A common theme running through the high-level speeches at CERAWeek by IHS Markit was the ongoing need to implement renewables into the energy mix while continuing efforts to cut down on carbon emissions. Farming fossil fuels and applying wider use of renewables seems like ideological polarities, but there are several companies that see that challenge as an opportunity.
One such company is GlassPoint Solar, which, in addition to finding widespread uses for renewable energy, is tackling the challenge in how to cost-effectively cultivate heavy oil, a key element in producing the world’s estimated reserves. According to the 2015 article, “Application of Neutron Activation Analysis for Heavy Oil Production Control,” about 70% of the world’s remaining oil reserves are estimated to be heavy oil.
GlassPoint Solar reconstitutes the process of steam injection from the traditional method of heating natural gas to unlock overly viscous oil by instead harvesting solar energy to create, along with those traditional methods, enough steam to heat a heavy oil reservoir.
GlassPoint Solar was founded in 2009. John O’Donnell, vice president of business development, said the company’s maiden project was in 2015 at its Miraah solar facility in Oman, which will eventually produce more than 1,000 MW of thermal energy production. Last year GlassPoint was awarded a contract to build a similar facility in Kern County, Calif., one that will produce 850 MW of energy.
By foregoing the large-scale use of natural gas for EOR, particularly in a place like Oman where natural gas is needed for a variety of uses, GlassPoint’s system is addressing issues on two fronts.
“In Oman there is a lot of competition for the available natural gas between oil recovery, which is using a very sizable fraction of all the gas in the country today, and other applications, [such as] power generation and other kinds of industrialization,” O’Donnell said. “The solar supply can unlock gas supplies for those uses. We’re creating permanent energy production assets that don’t have a decline curve.”
He explained that GlassPoint’s system only works in places around the world with consistent sunshine throughout the year—locations typically within about 40 degrees north and south of the equator. So, for instance, locations in Canada’s heavy oil fields likely would not be strong candidates for solar steam injection, O’Donnell said.

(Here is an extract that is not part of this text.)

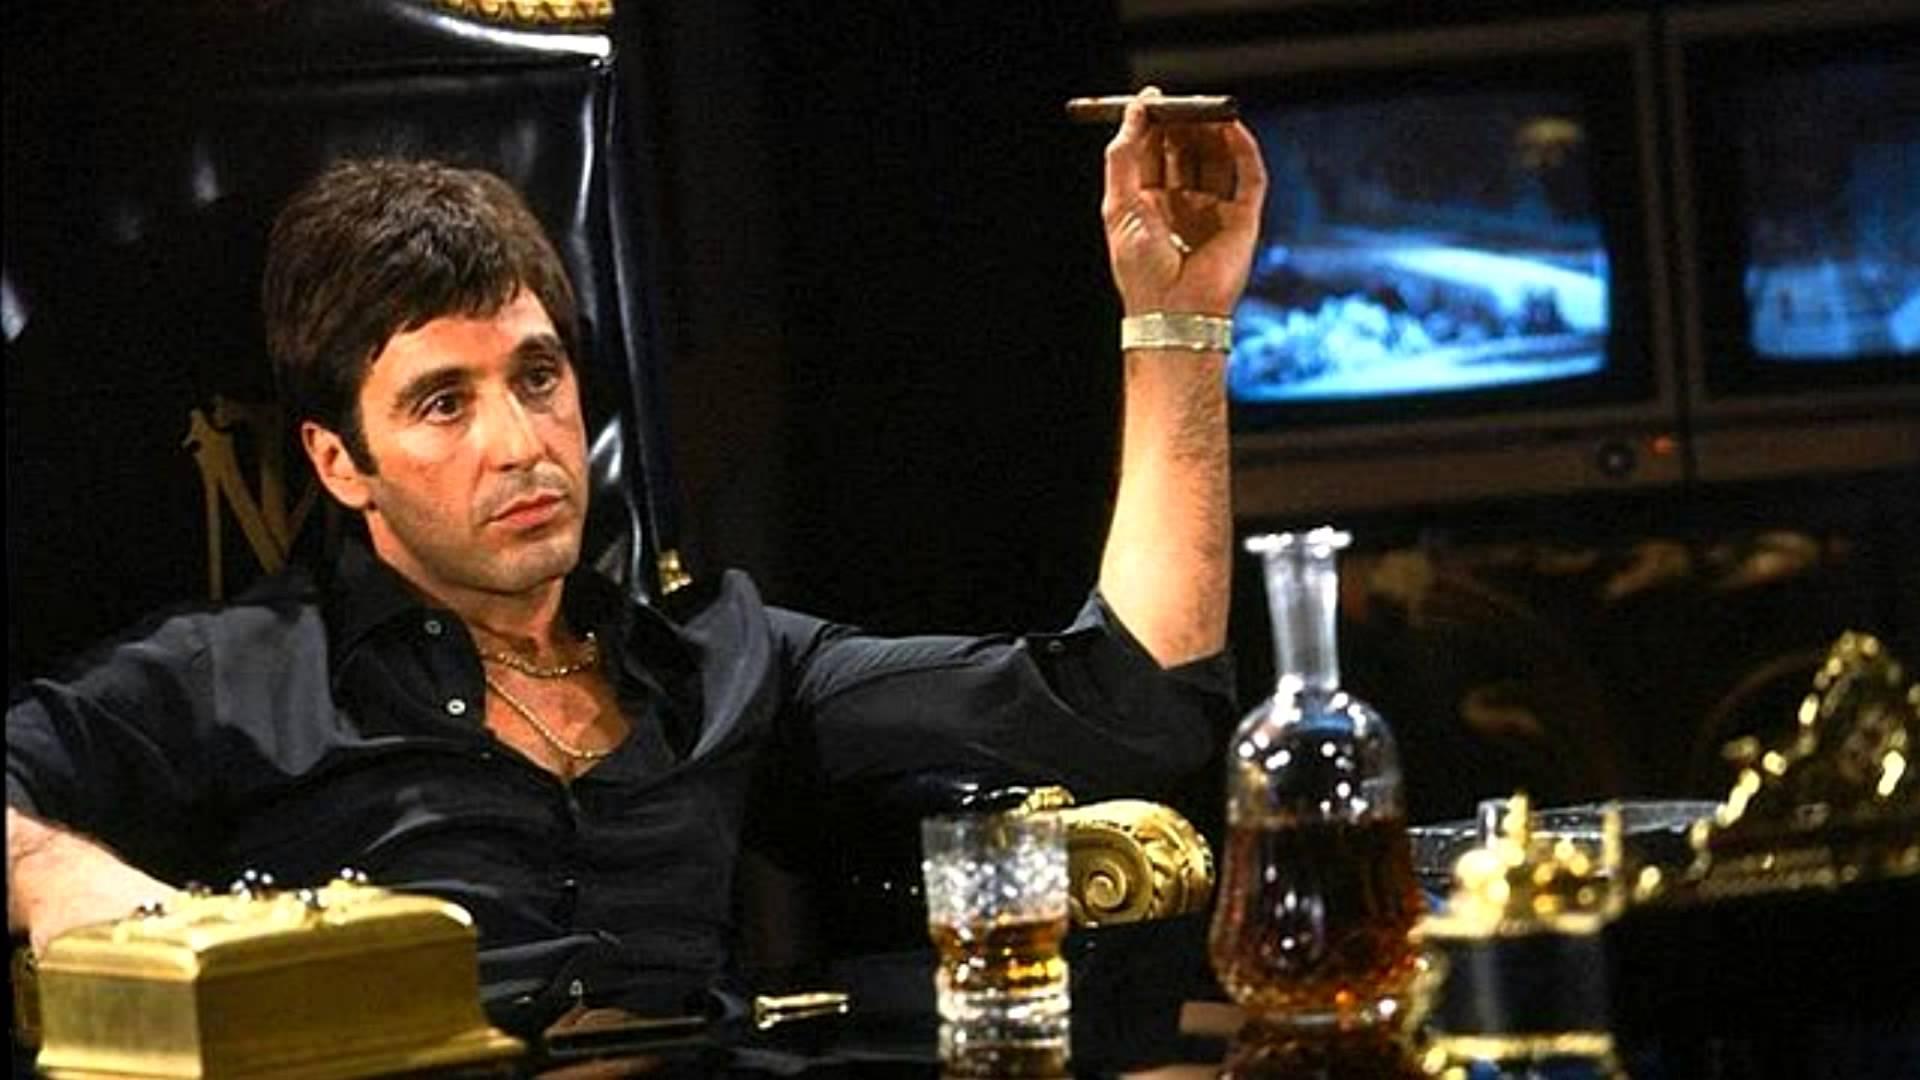 Scarface Al Pacino Hd 1493501 Hd Wallpaper

Although O’Donnell didn’t cite specific cost savings for such a project, he said that solar steam production offers “substantial” savings. According to the International Renewable Energy Agency, the use of solar power for projects calling for greater than 300 MW of energy has decreased from about $0.36/kWh in 2010 to about $0.10/kWh in 2017.
O’Donnell said several heavy oil operators are either aware of the work GlassPoint is doing or are engaged in conversations at different levels with the company about its technologies.
“There are other producers that are looking at our track record, so we see bright opportunities for several other projects around the world based on our successes of building these first large projects,” he said.